2 de abril de 2006

Porque continuo a achar que o pensamento não integra sinalização, ou seja, pontuação, e que a função desta é meramente auxiliar a exprimir graficamente o próprio conteúdo desse pensamento e a vivência fisiológica que o pode acompanhar, coisa a que chamamos ‘emoção’, considero alguma legitimidade na escrita assinaléctica de Saramago e toda a legitimidade nas frases intermináveis de Proust, como esta, que se vão desenrolando em espirais de fumo, entrelaçando-se, volteando e coleando, serpenteando pelo espaço onde recebemos e interagimos com os outros, ao ritmo e no discorrer próprio do nosso pensamento, sendo que a frase que, pela agilidade sintáctica, conseguir encadear ideias da mesma forma ordenada-desordenada que o pensamento humano, será a frase ideal, progredindo de vocábulo em vocábulo, de oração em oração, como o olhar interior percorre e contempla cada ideia, pára e repara, para logo ser captado por outro detalhe fugaz, numa corrente que só termina na palavra consciência.

1 comentário:

Nothing more than me disse...

A literatura é arte feita com palavras (e também silêncios), como a pintura é feita de tintas (e espaço vazio), como...! E a melhor das artes, é - a mon avis - a que consegue o seu propósito de comunicação de uma mensagem, seja através do pensamento, seja da emoção.
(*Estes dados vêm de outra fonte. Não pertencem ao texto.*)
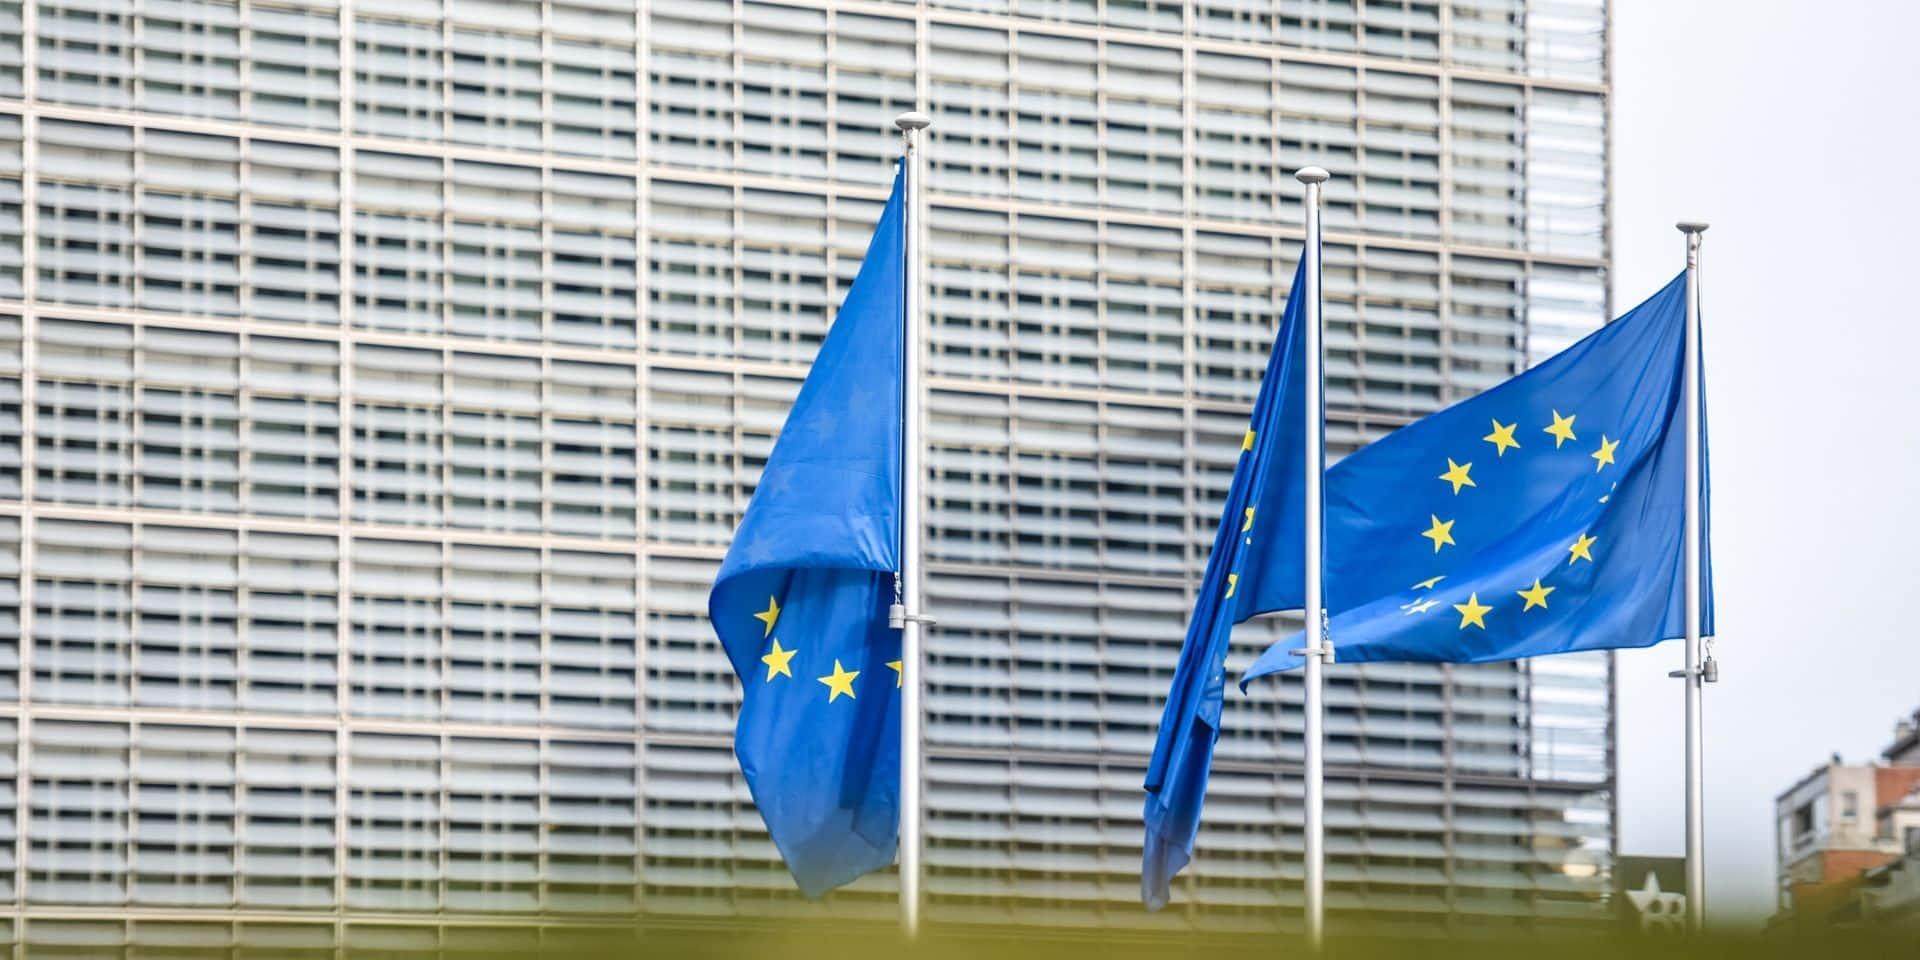 État de droit: le Parlement européen se prépare à poursuivre la Commission pour inaction
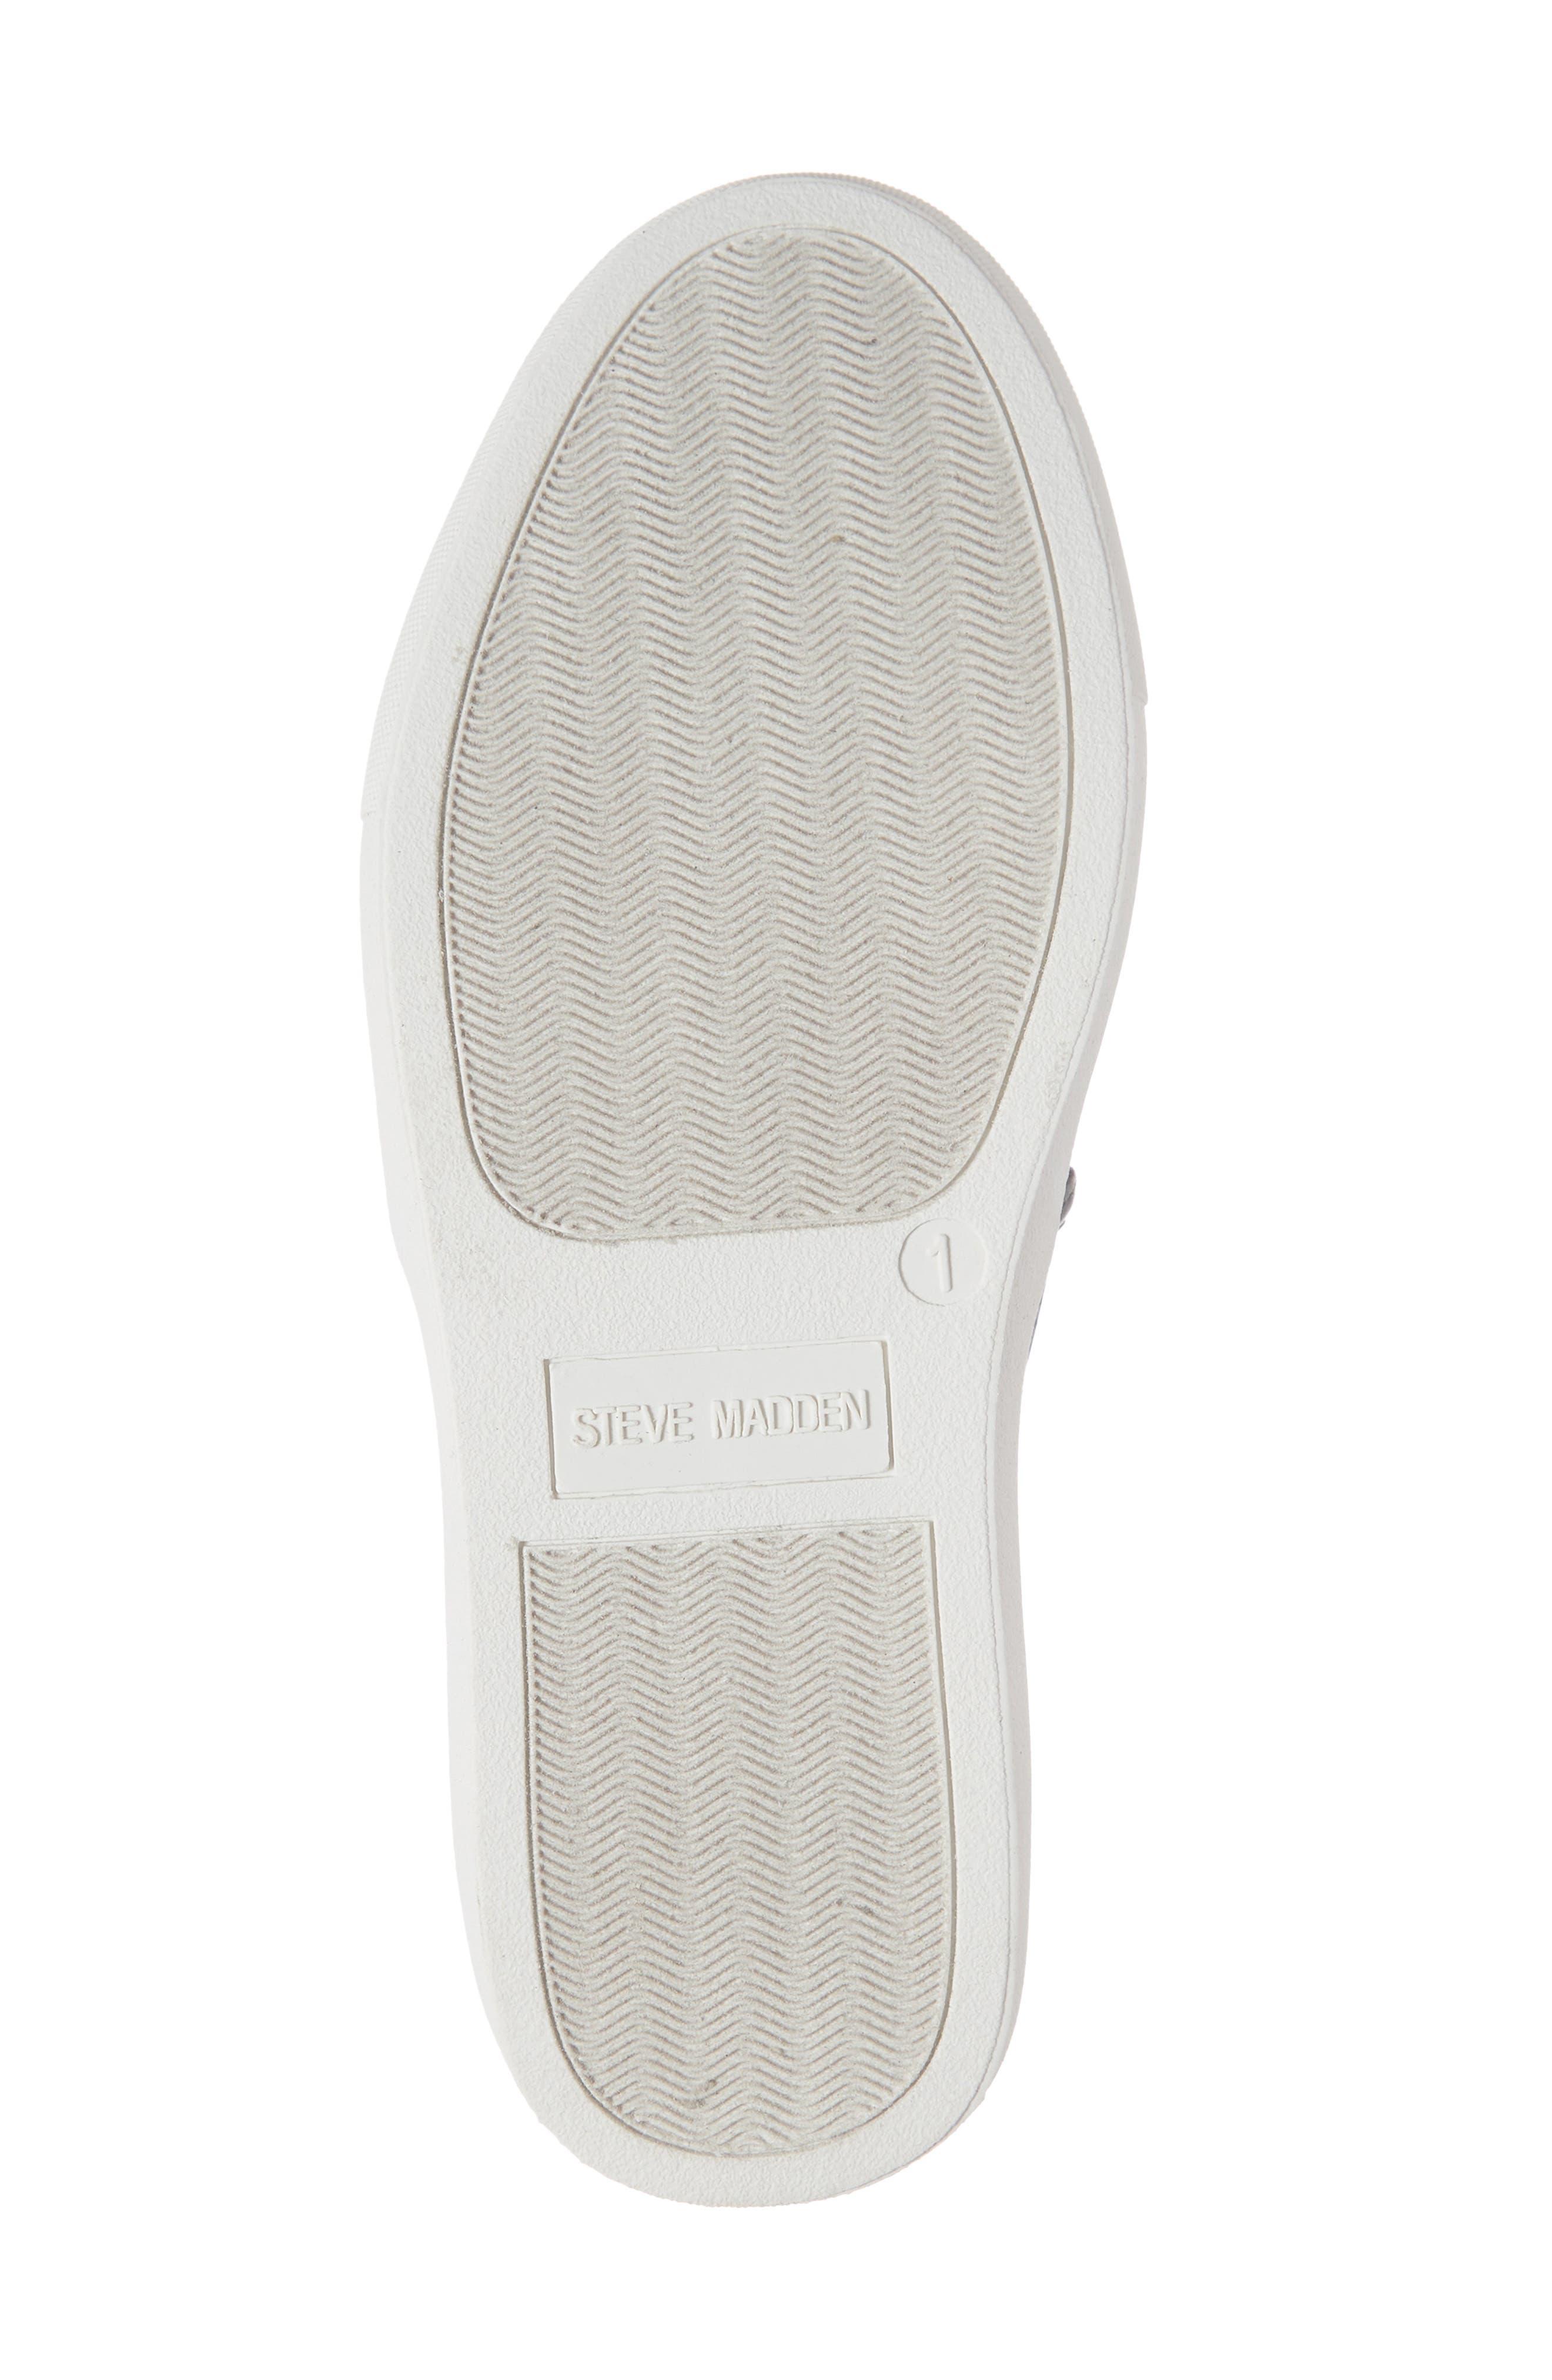 STEVE MADDEN, JPOWRFUL Embellished Slip-On Sneaker, Alternate thumbnail 6, color, BLACK MULTI

E isso passa tanto pelo estilo que se lhe imprime, na conjugação dos elementos, nos recursos expressivos - o que respiram e transpiram; na força do pincel, no jogo de pontuação). Mas não só, não apenas. É arte a que contém em si a estética; E Estética - dizia Kant - é aquilo que agrada, sem conceito. Pois é claro que estamos em presença de dois exemplos de verdadeira literatura. Se nos comunicar e agradar, desnecessária é a razão!